:: Problem details ::
Keep the lines exact and the pictures out as you repeat the following listing.

:: Data excerpt ::
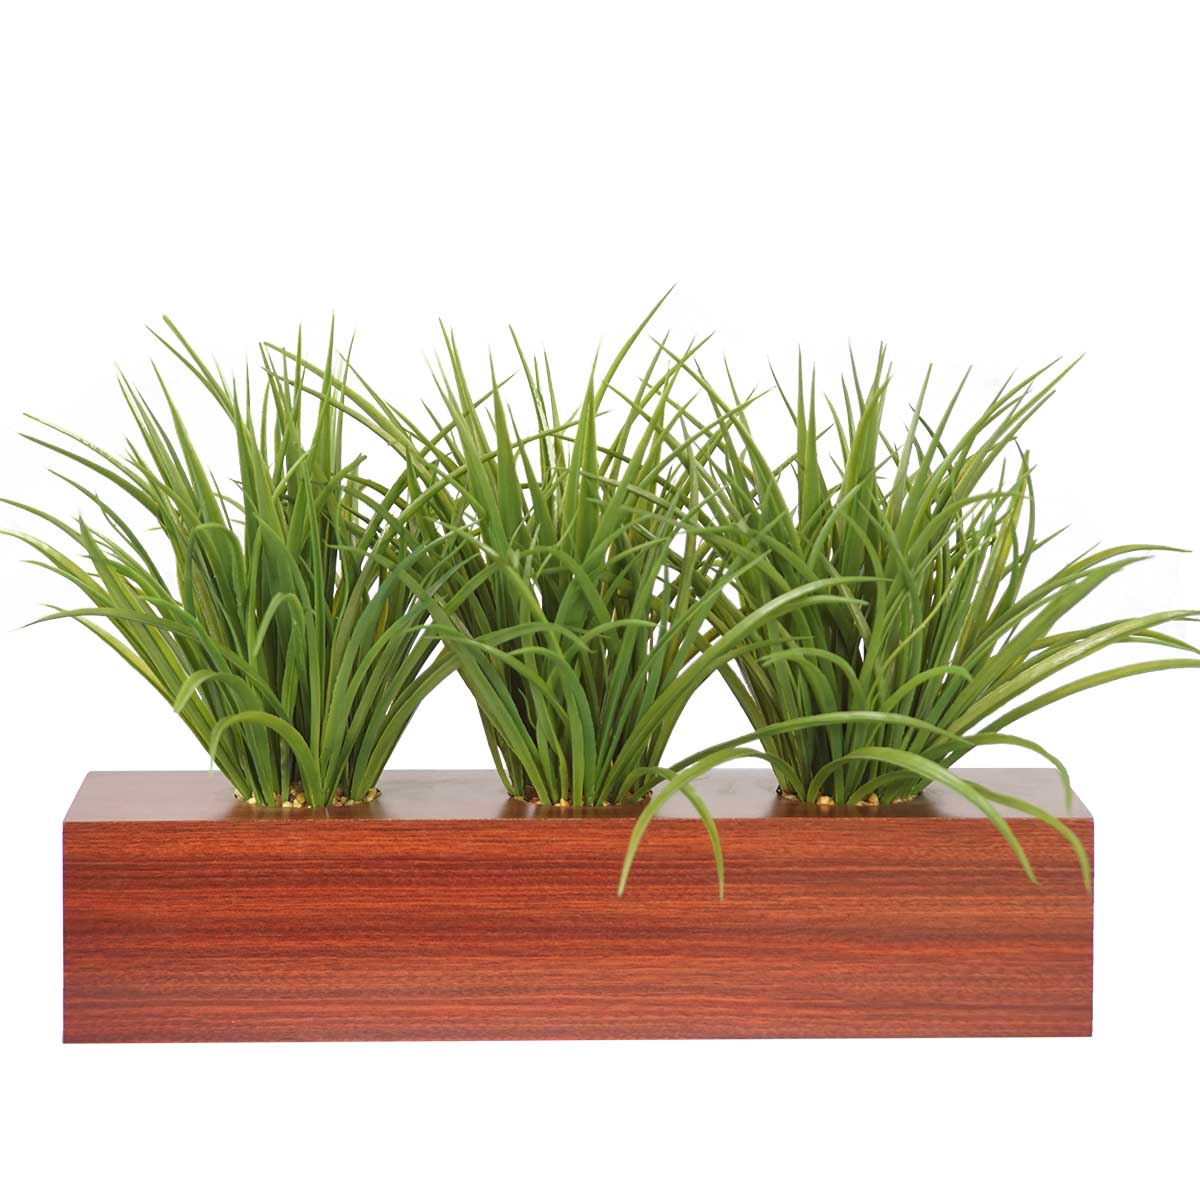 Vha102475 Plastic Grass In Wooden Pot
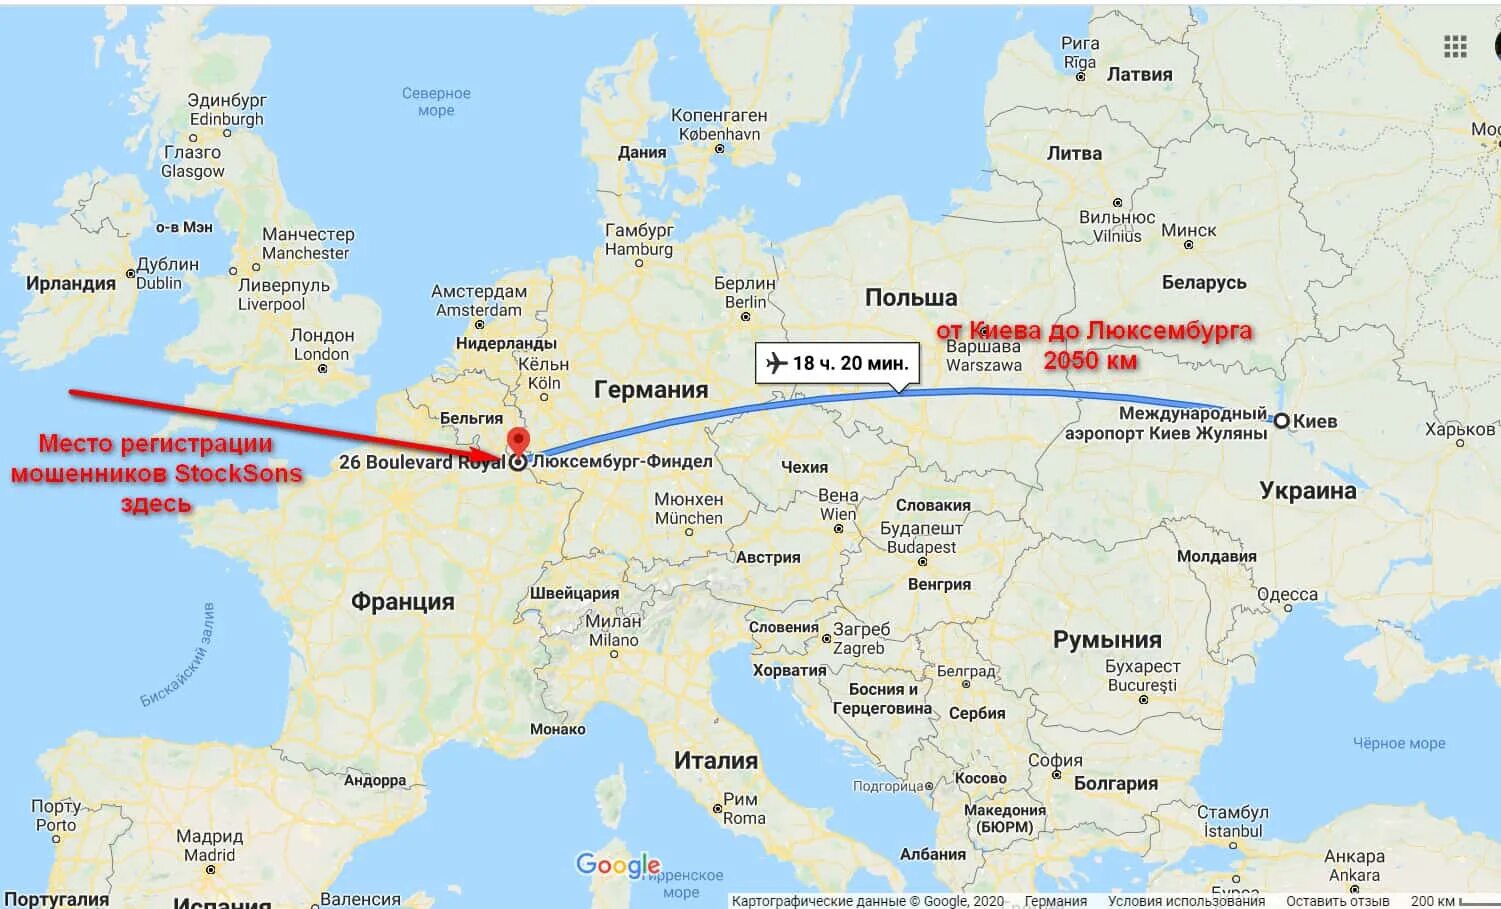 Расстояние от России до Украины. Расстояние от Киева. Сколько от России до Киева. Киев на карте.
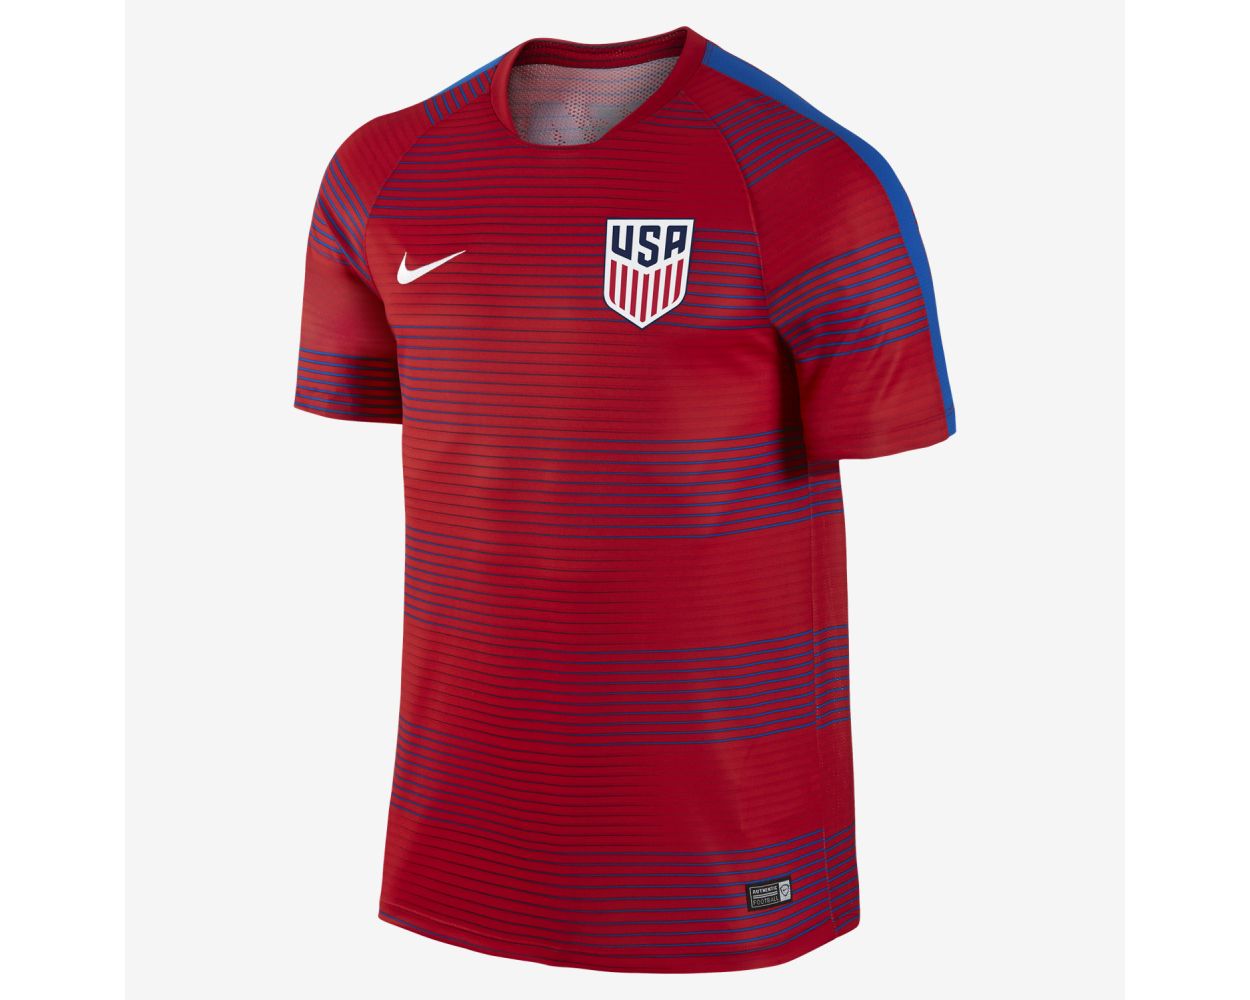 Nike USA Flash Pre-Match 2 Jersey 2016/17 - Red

:: Answer to this exercise ::
 Vha102475 Plastic Grass In Wooden Pot
 Расстояние от России до Украины. Расстояние от Киева. Сколько от России до Киева. Киев на карте.
 Nike USA Flash Pre-Match 2 Jersey 2016/17 - Red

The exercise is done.